Starting at the line that contains "Chouette de verreaux, Giant" in the listing below, write out every line word for word until you have written the line that contains "Ручка GLOBAL Темно-синяя 1080-14".

## MATERIAL FOR THIS TASK:
● ● ● ● ●

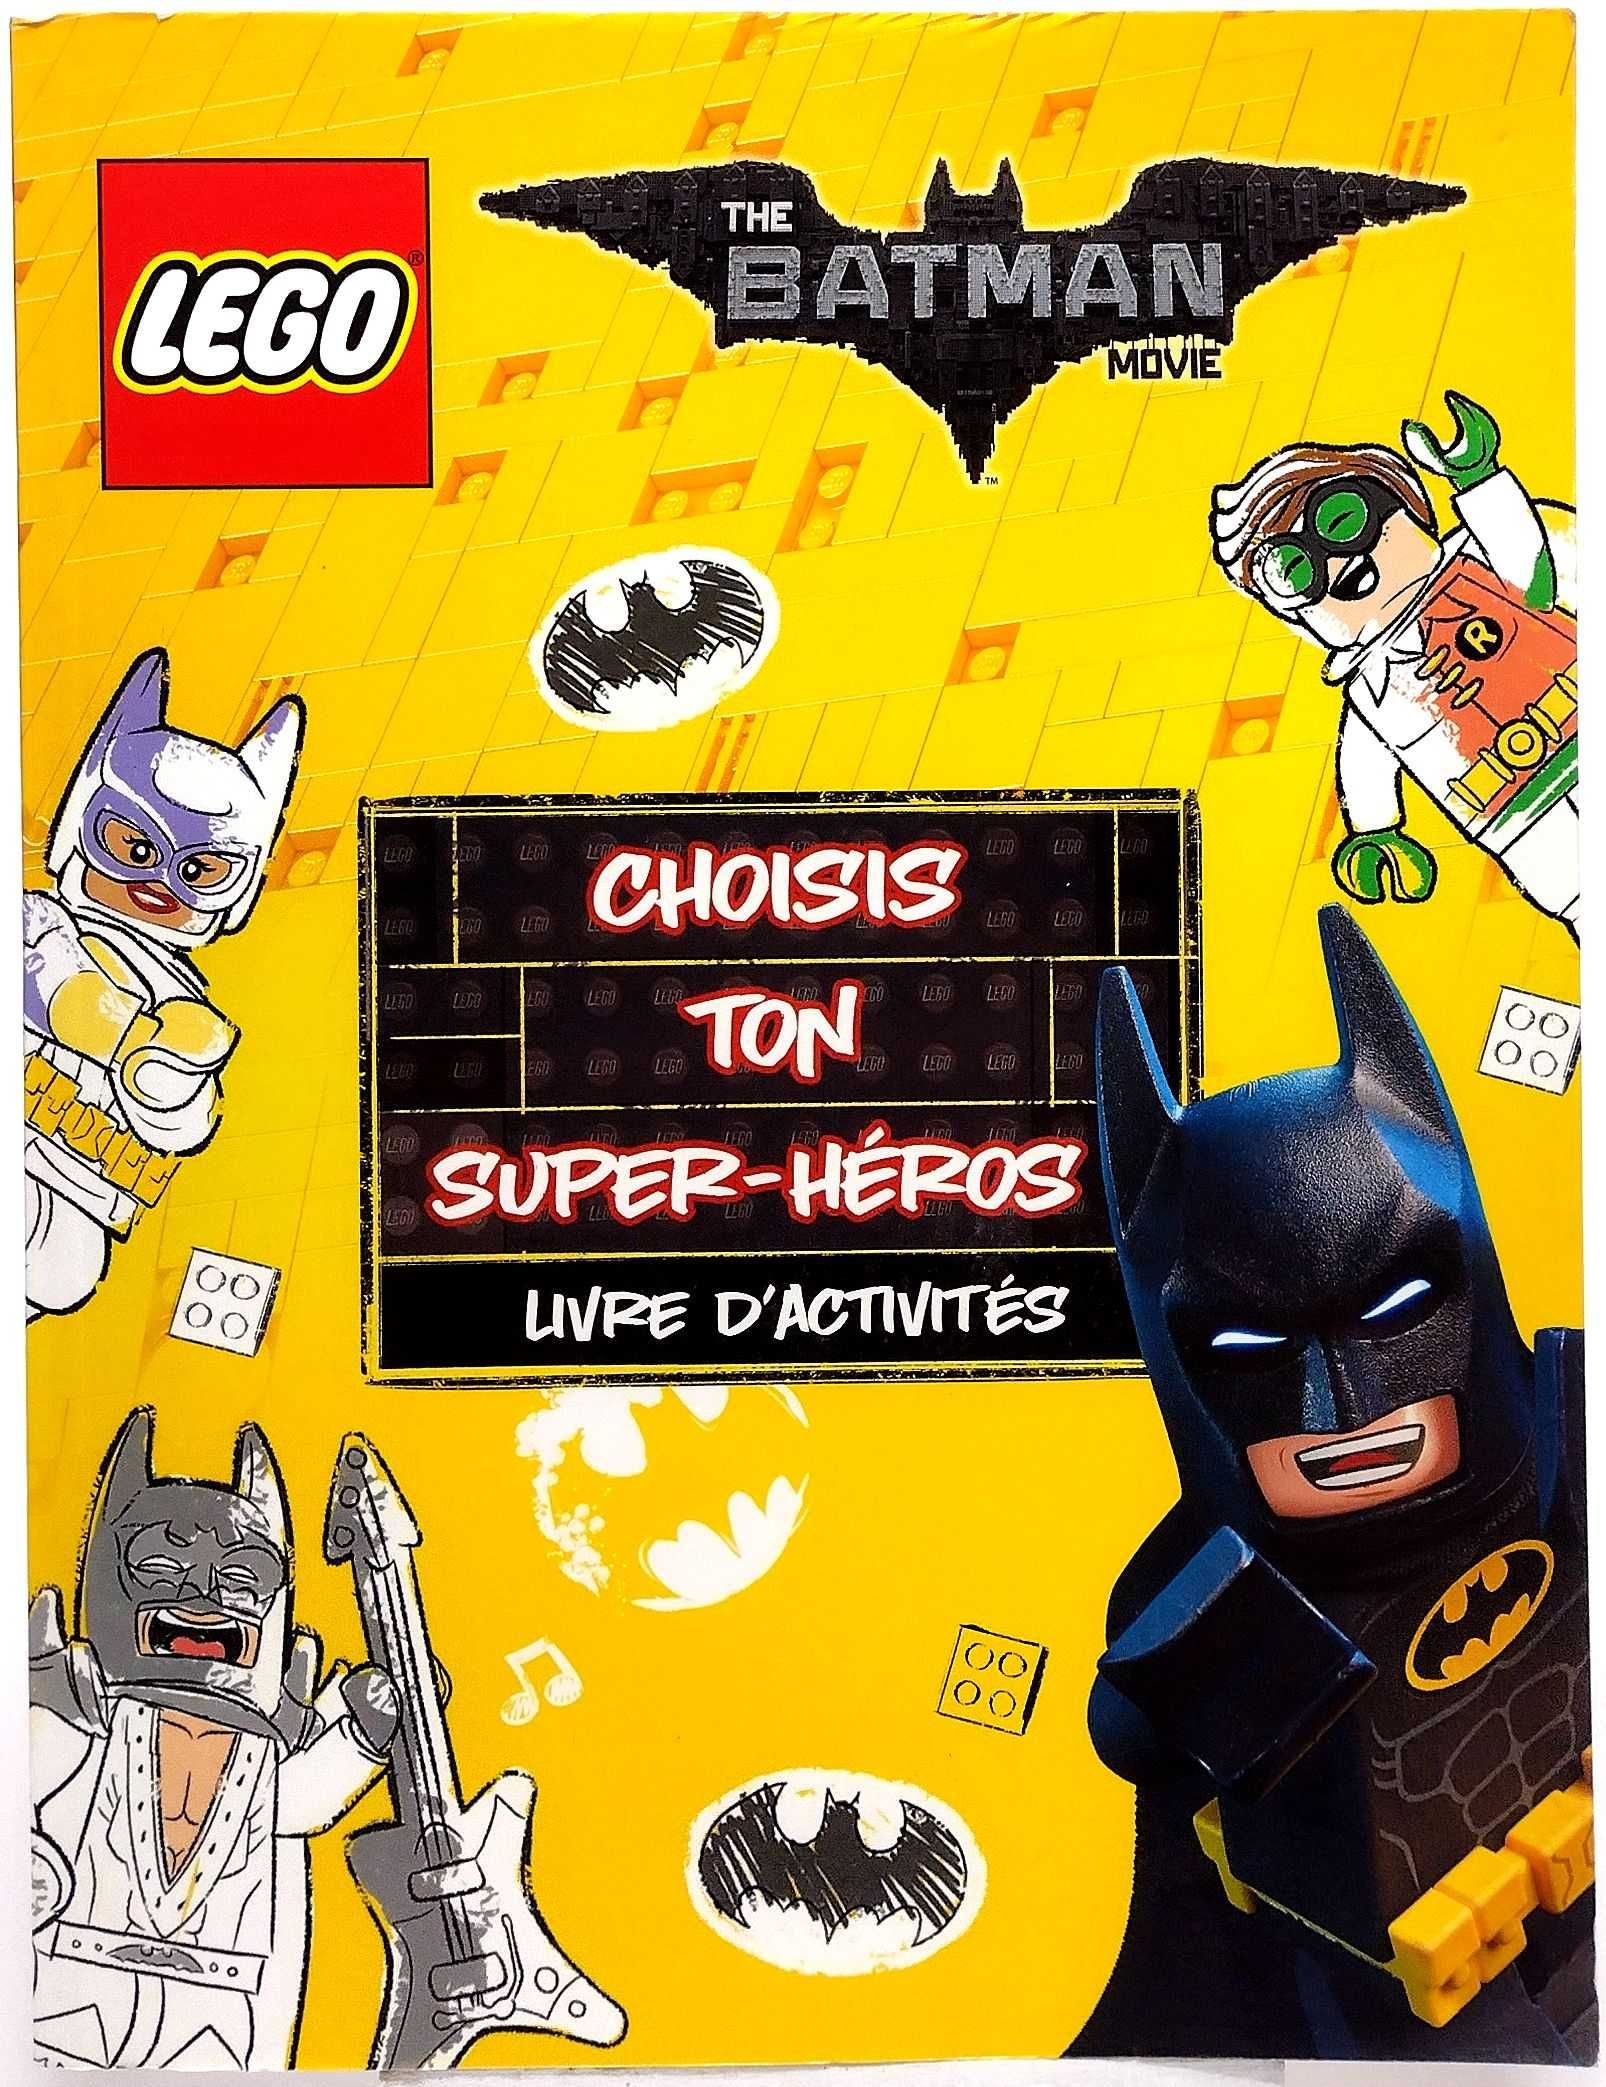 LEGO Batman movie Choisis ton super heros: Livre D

● ● ● ● ●

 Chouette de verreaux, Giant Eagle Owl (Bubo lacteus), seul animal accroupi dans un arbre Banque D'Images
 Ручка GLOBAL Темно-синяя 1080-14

● ● ● ● ●

## ANSWER TO THE EXERCISE:
 Chouette de verreaux, Giant Eagle Owl (Bubo lacteus), seul animal accroupi dans un arbre Banque D'Images
 Ручка GLOBAL Темно-синяя 1080-14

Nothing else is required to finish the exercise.